Within the protective space of a Green Zone, we can learn how to trust our vulnerable intelligence when we’re right at the point of closing it down. This is the transition point that we call the Yellow Light. We identify the Yellow Light by asking ‘What does it feel like to be in between open and closed?”
It’s only during this transition point that we can actually choose to let our defensive barriers come down, switching directions from our red light defensive position. A helpful way for couples to see this more clearly is to notice the difference between a Me-First belief system and the experience of being We-First.
The phrase ‘We-First’ refers to the interdependent view that genuine communication is like a bridge joining two sides, speaker and listener. Protecting that communication bridge is essential if we’re going to succeed in getting or receiving information, a skill crucial to our survival as relational beings. The opposite, “Me-First’ is the mistaken belief that survival depends on cutting ourselves off. This is a blind spot because whenever genuine communication is blocked, we’re at risk.
Learning about the Yellow Light was the most challenging stage of my personal journey with these teachings. It began in 1997 when my husband and I made the radical decision to engage in a five year meditation program that included three years of intensive group retreat. We journeyed from our home in Alaska to Gampo Abbey, in Northern Nova Scotia, the home of Buddhist teacher Pema Chodron. Isolated on the rugged highlands and weathered by the north Atlantic winter storms, the strict boundaries and claustrophobia of retreat were like a pressure-cooker, pushing our spiritual, social and psychological capacity beyond normal limits. I found myself living an intensified version of the models I’d been teaching, observing my own defensive boundaries flaring up and then softening, painfully aware of the negative and positive impact my words and actions had on others. It was like living in a house of mirrors 24 hours a day, seven days a week, up to twelve months at a time. The shift from ‘Me-First’ to ‘We-First’ was one step forward two steps back, detoxifying negative habits and learning the hard way what mindfulness, compassion and genuine communication really mean.

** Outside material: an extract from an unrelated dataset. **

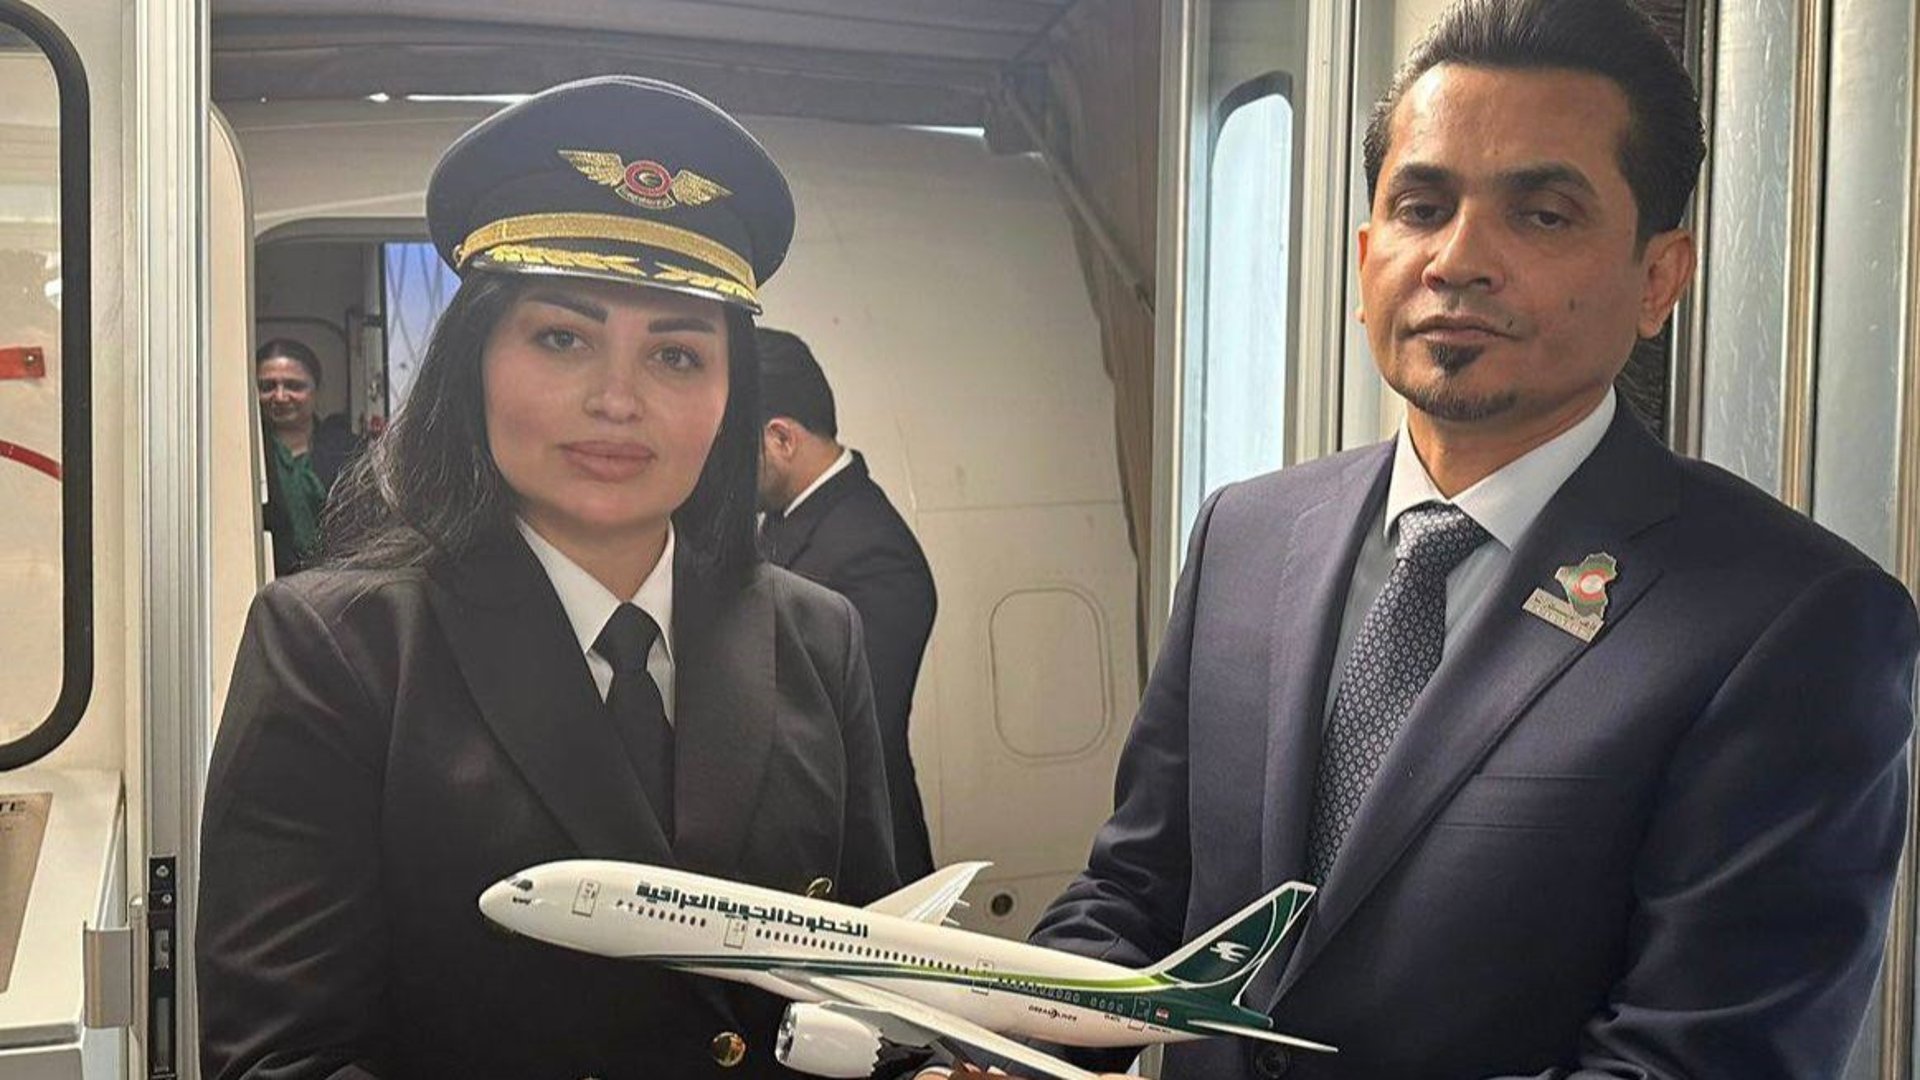 صور: أول رحلة للكابتن رزين من بغداد إلى دبي.. حفل في المطار وتكريم من الوزير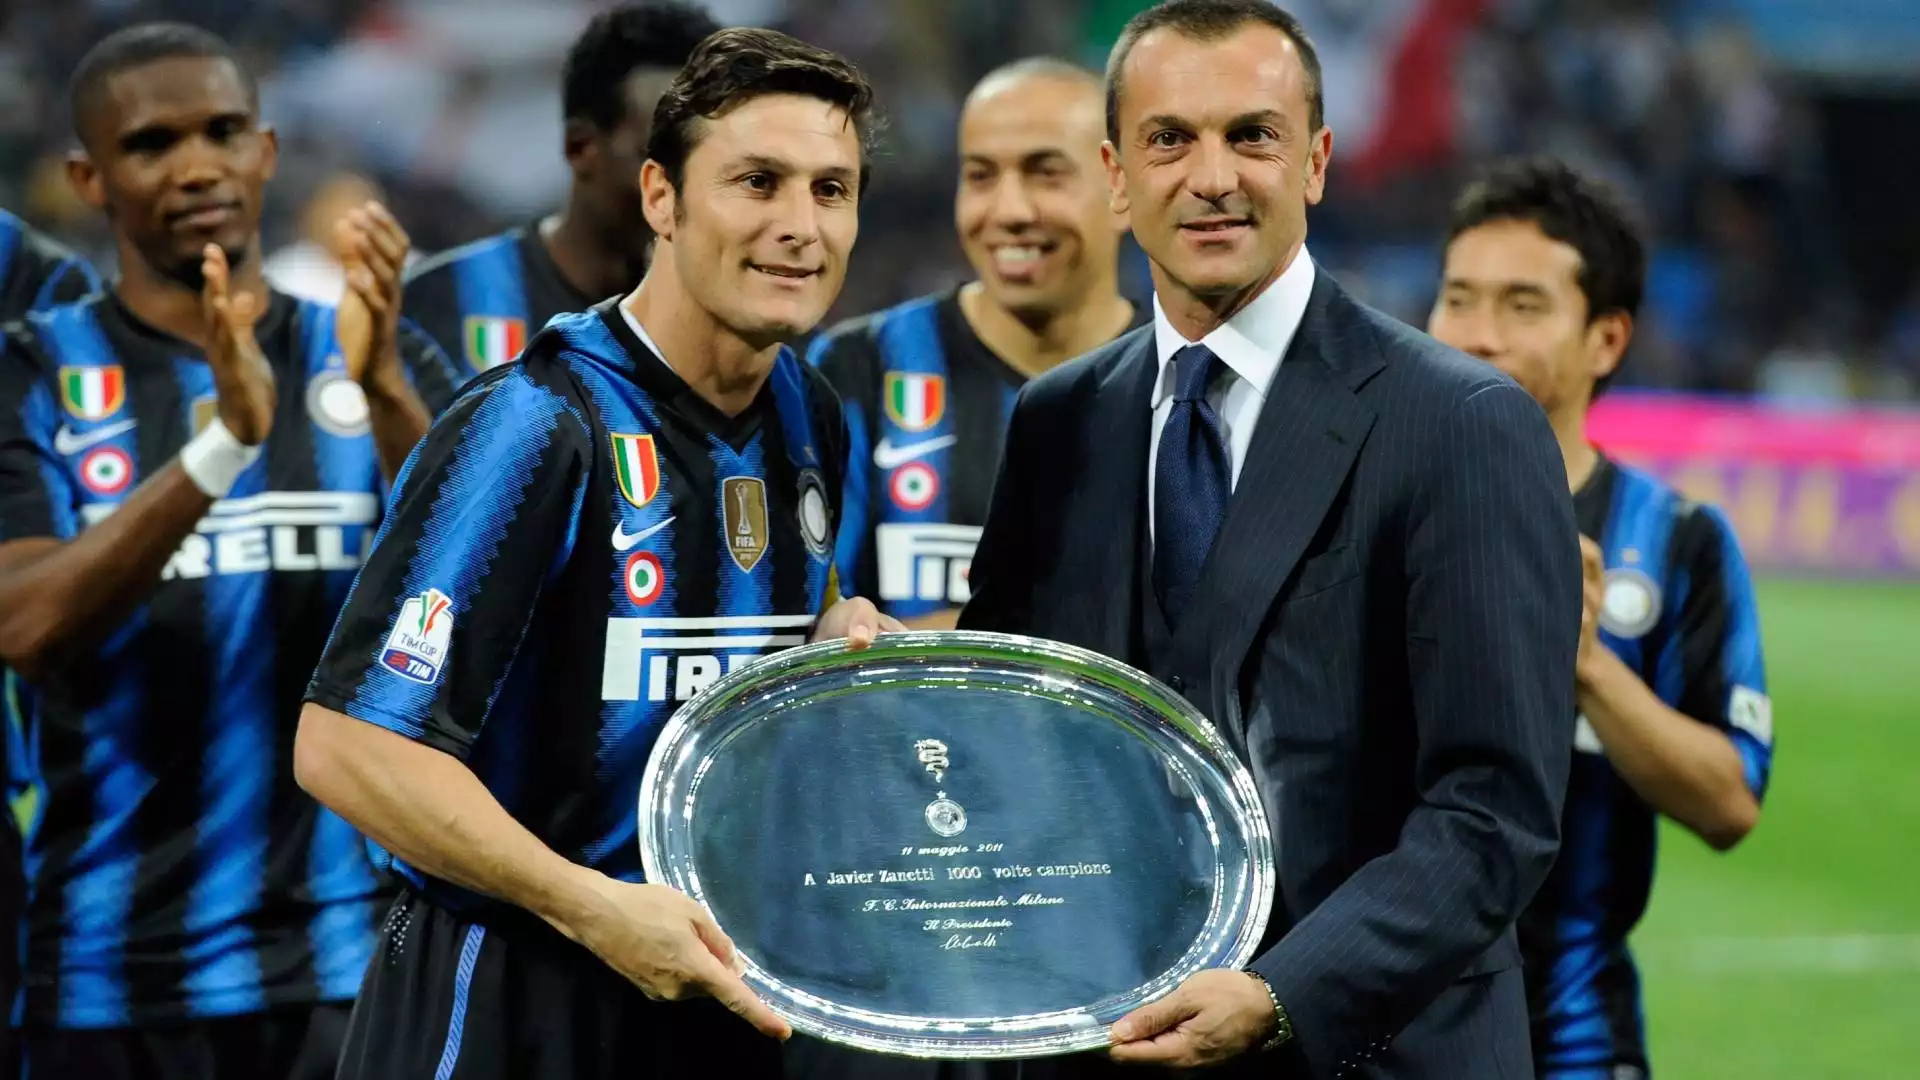 Il capitano ha ottenuto un riconoscimento per le 1000 partite disputate in carriera, in occasione del ritorno della semifinale di Coppa Italia contro la Roma nel 2011

The Yellow Light symbolizes those unexpected episodes when vulnerability feels unsafe. In particular I noticed how the sheer intensity of this experience would morph into shame, anxiety or aggression depending on how protected I felt. My ‘Green Zone’ (the others on the retreat) had committed themselves to precepts of ‘mindful speech’ —not gossiping about each other’s mishaps. When I felt secure in this, shame would still arise, but it was far less likely to take hold. Going one step further, I realized that learning to hold steady with the core anxiety of the Yellow Light is the pathway to restoring confidence in our fundamental innocence and trust in relationship. This pathway is the route for healing not only our relational wounds but also our sense of basic goodness in who we are.
At the end of our third retreat, Jerry and I became staff at the Abbey and my role was to be retreat leader for the next six years. During this time, with Pema’s encouragement I taught and further developed the three light communication model. “ The Yellow Light is especially important”, she told me. “ It’s like my teachings on shenpa, that powerful habit that pulls us away from the present moment.”
When Jerry and I left the Abbey in 2008 and moved to Vancouver, I began teaching the Green Light model in a program called Green Light Conversations, which consisted of two to five day Mindful Communication workshops. Since then, hundreds of people have participated in Green Zone trainings in North America and Europe.